The courts also found on the basis of evidence that the Society was in effective occupation of the land until it was transferred to the the persons mentioned in Ext. P2 strictly for the purpose of cultivation by means of pooling through the farming society. The courts rejected the appellants' claim that the properties in question have been transferred to them under a certain document by Shri Sundara Iyer. The appellants did not produce the document and they have no case that any registered document conveying title to them is in existence In the light of such telling evidence on the part of the plaintiff and having regard to the total lack of evidence on the part of defendants 1 and 2, the courts concurrently found that the contentions of the 1st and 2nd defendants regarding title were totally without basis.
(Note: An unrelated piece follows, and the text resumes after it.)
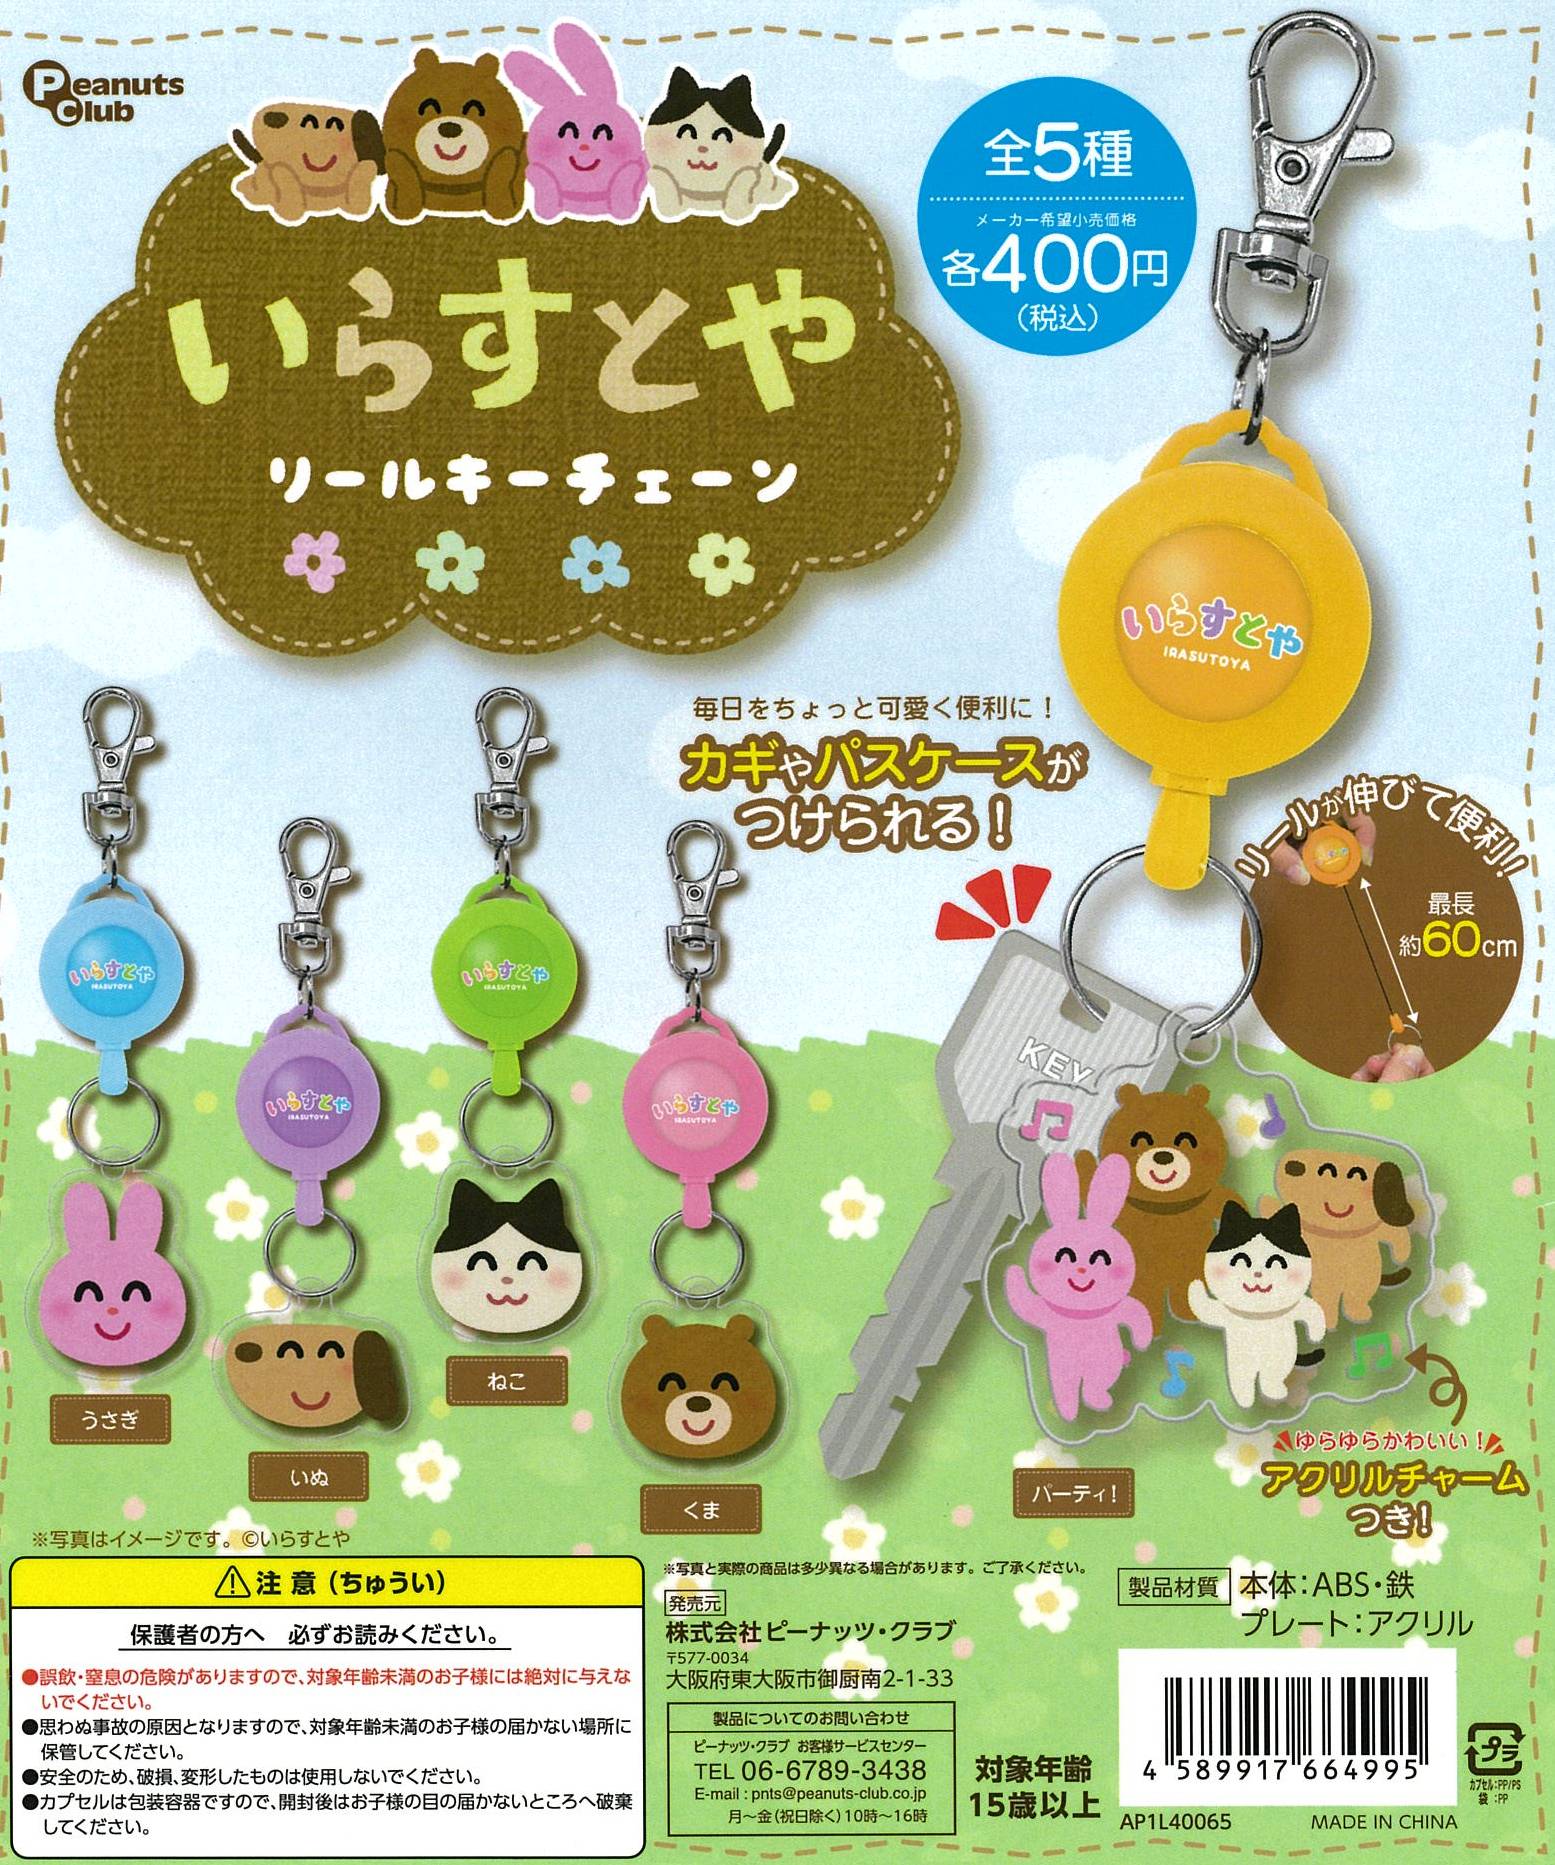 CP2554 Irasutoya Reel Key Chain

In the second appeal, it is not within my province to re-appreciate the evidence. I see no substance in this contention also. The appeal therefore fails and it is dismissed. 11. The courts below rightly held that the suit was not maintainable against defendants 3 and 4. Notwithstanding the dismissal of the suit against them with costs by the trial court, they were unnecessarily made parties to the proceedings in the lower appellate court as well as here. In the circumstances I am of the view that defendants 3 and 4 (respondents 2 and 3 in this appeal) are entitled to their costs throughout. I do not however make any direction as regards the costs of the 1st respondent plaintiff in the second appeal. I wish to express my appreciation for the learning and ability with which Shri R. D. Shenoi, counsel for the 1st respondent/ plaintiff, presented his argument.